Would you reproduce exactly, and only, the lines starting at the one with "Varias reseñas en" and ending at the last line of the data, with both included? Leave the pictures out.

## GIVEN INFORMATION
-- Opening Marker --

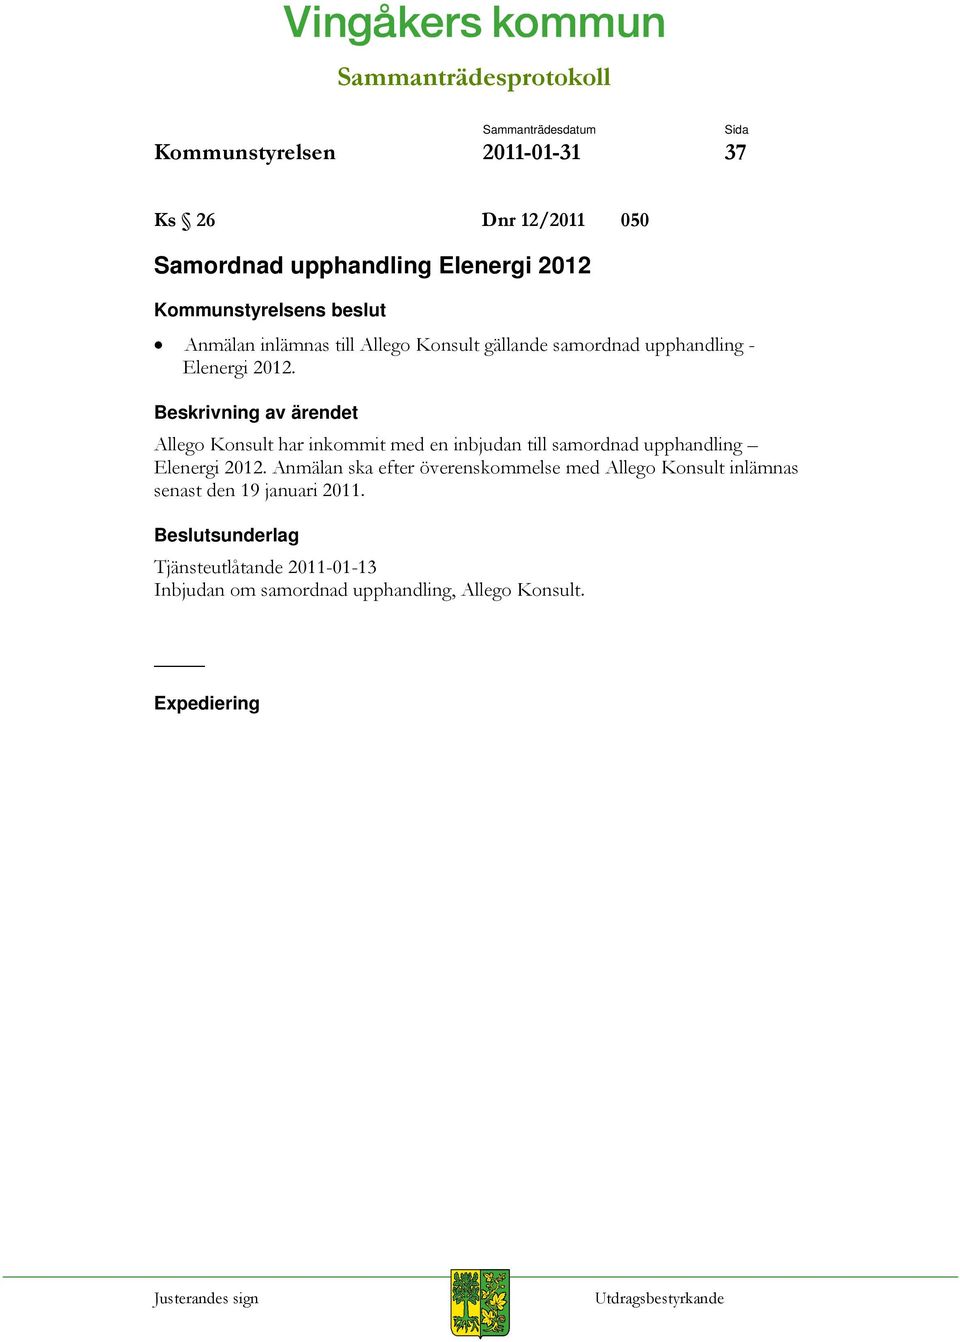 Allego Konsult har inkommit med en inbjudan till samordnad upphandling Elenergi 2012.
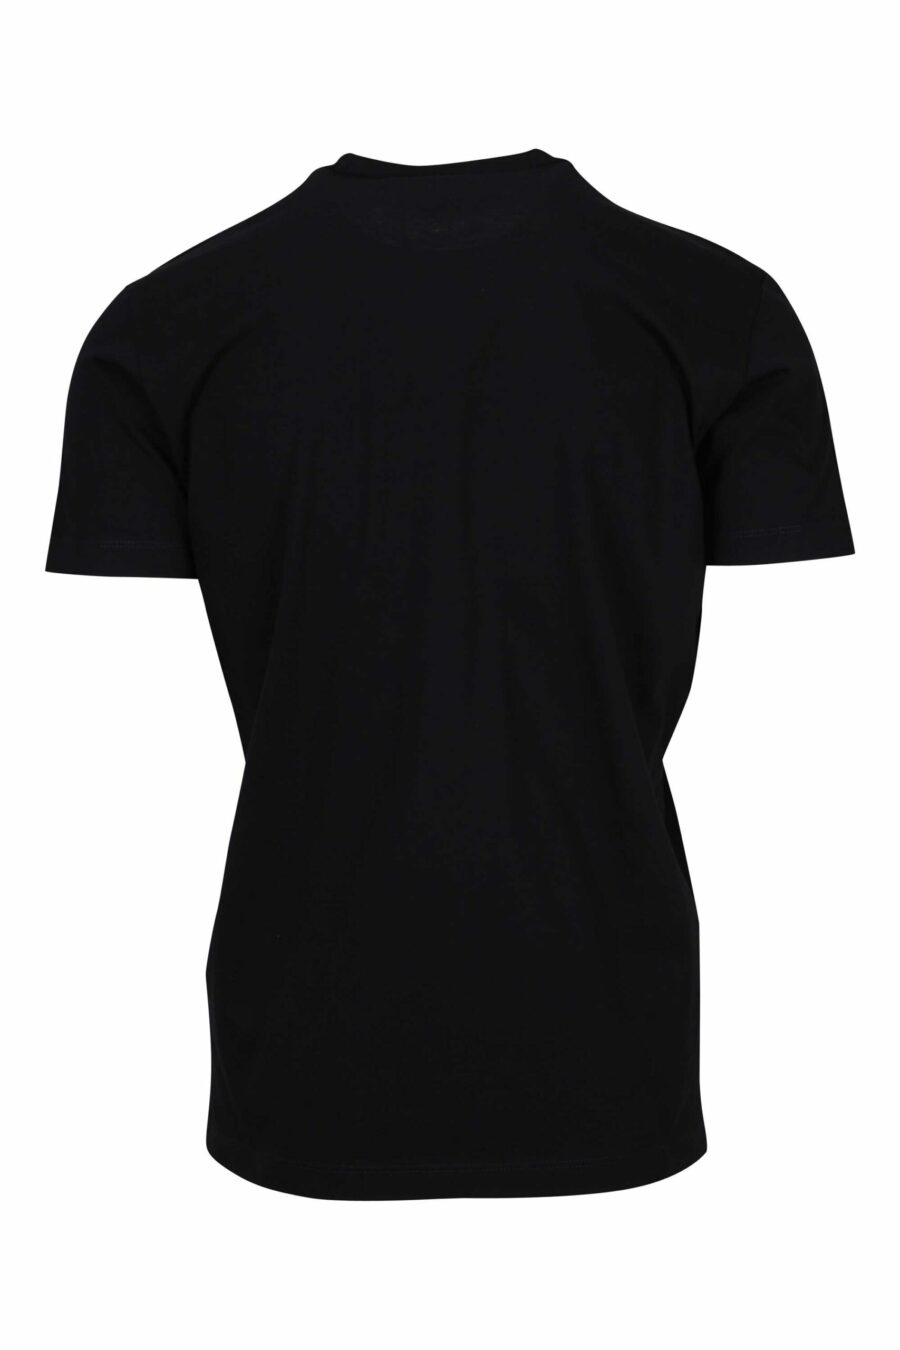 T-shirt preta com bandeira maxilogo "D2" - 8054148332518 1 à escala
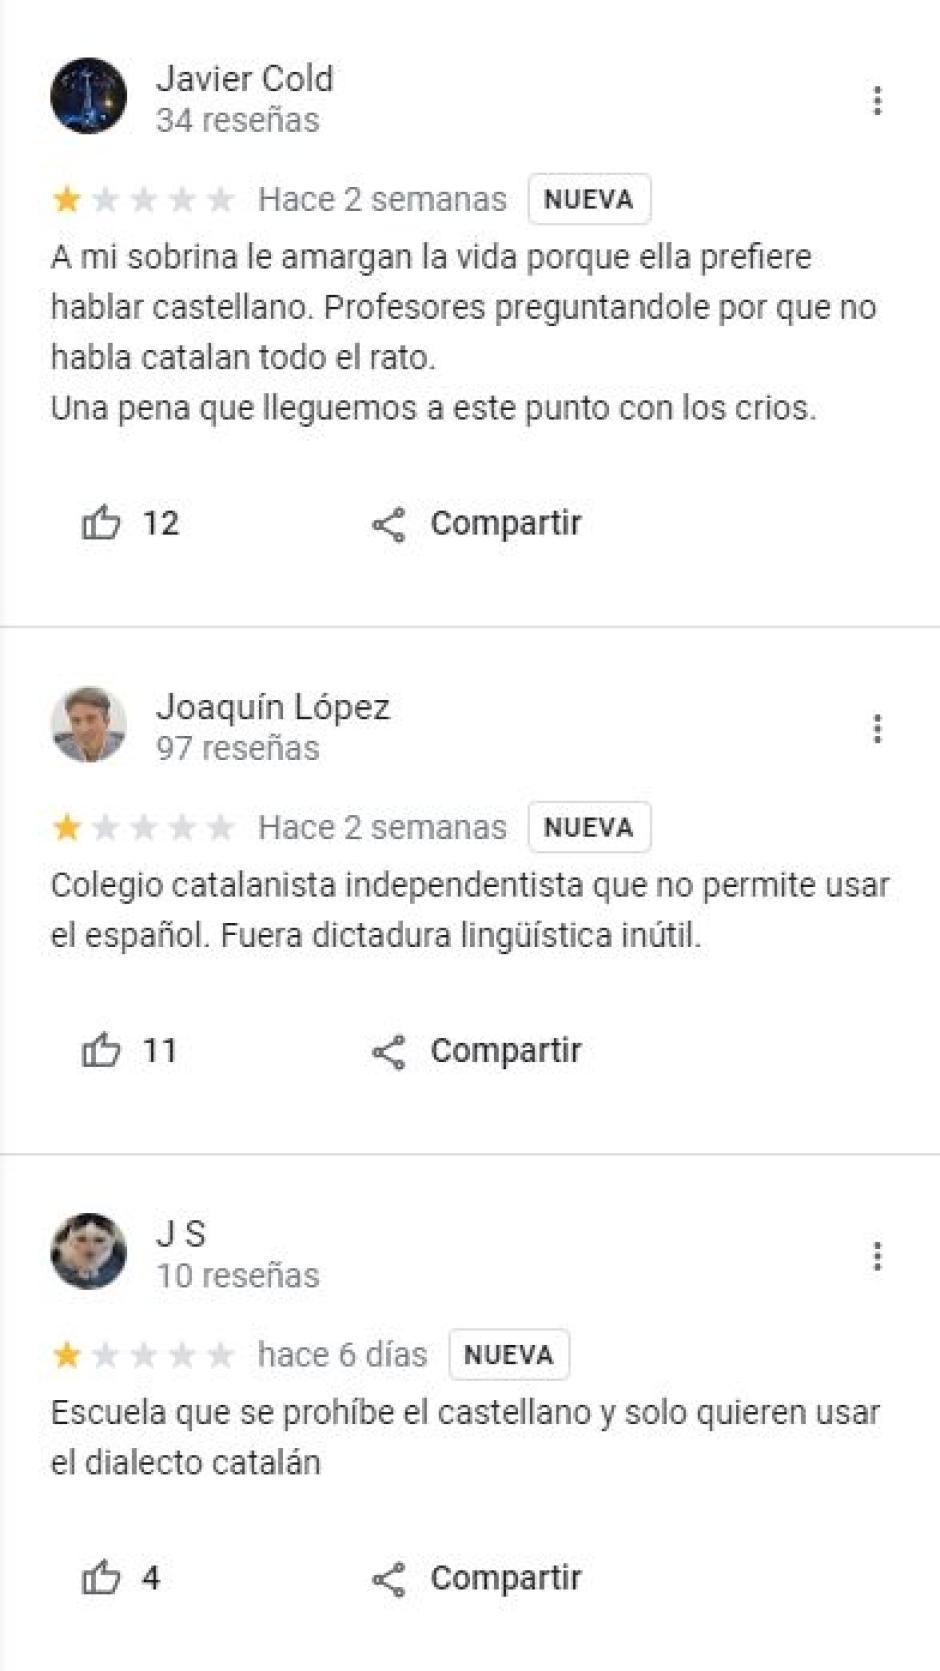 Varias reseñas en Google denunciando lo que ocurre en la Joan Juncadella
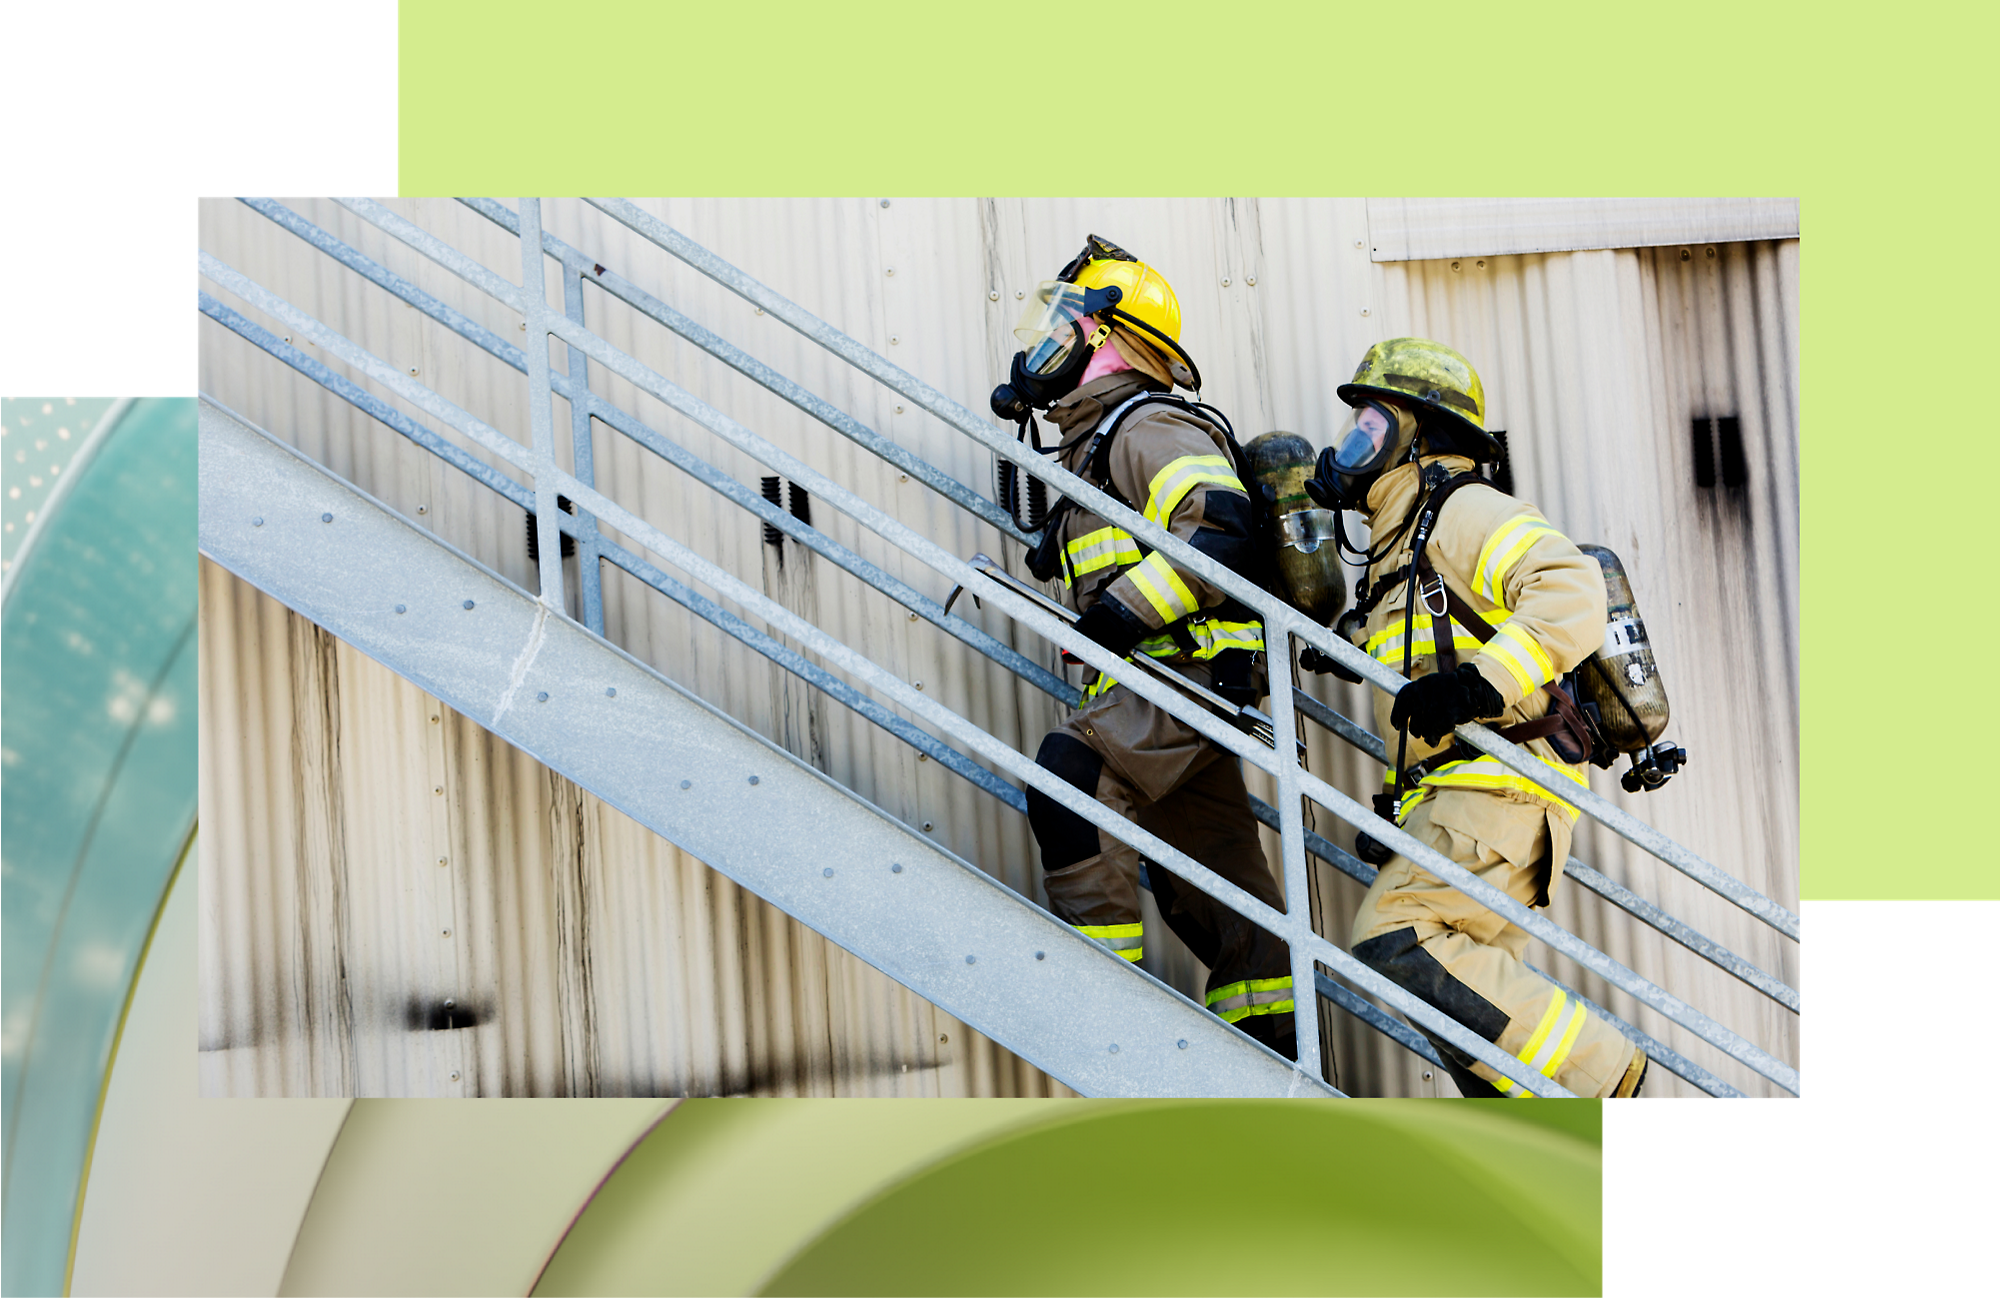 Divi ugunsdzēsēji pilnā ekipējumā kāpj pa ārējām metāla kāpnēm ārkārtas situācijas apmācību laikā.

-- Closing Marker --

## EXERCISE RESULT
 Varias reseñas en Google denunciando lo que ocurre en la Joan Juncadella
 Divi ugunsdzēsēji pilnā ekipējumā kāpj pa ārējām metāla kāpnēm ārkārtas situācijas apmācību laikā.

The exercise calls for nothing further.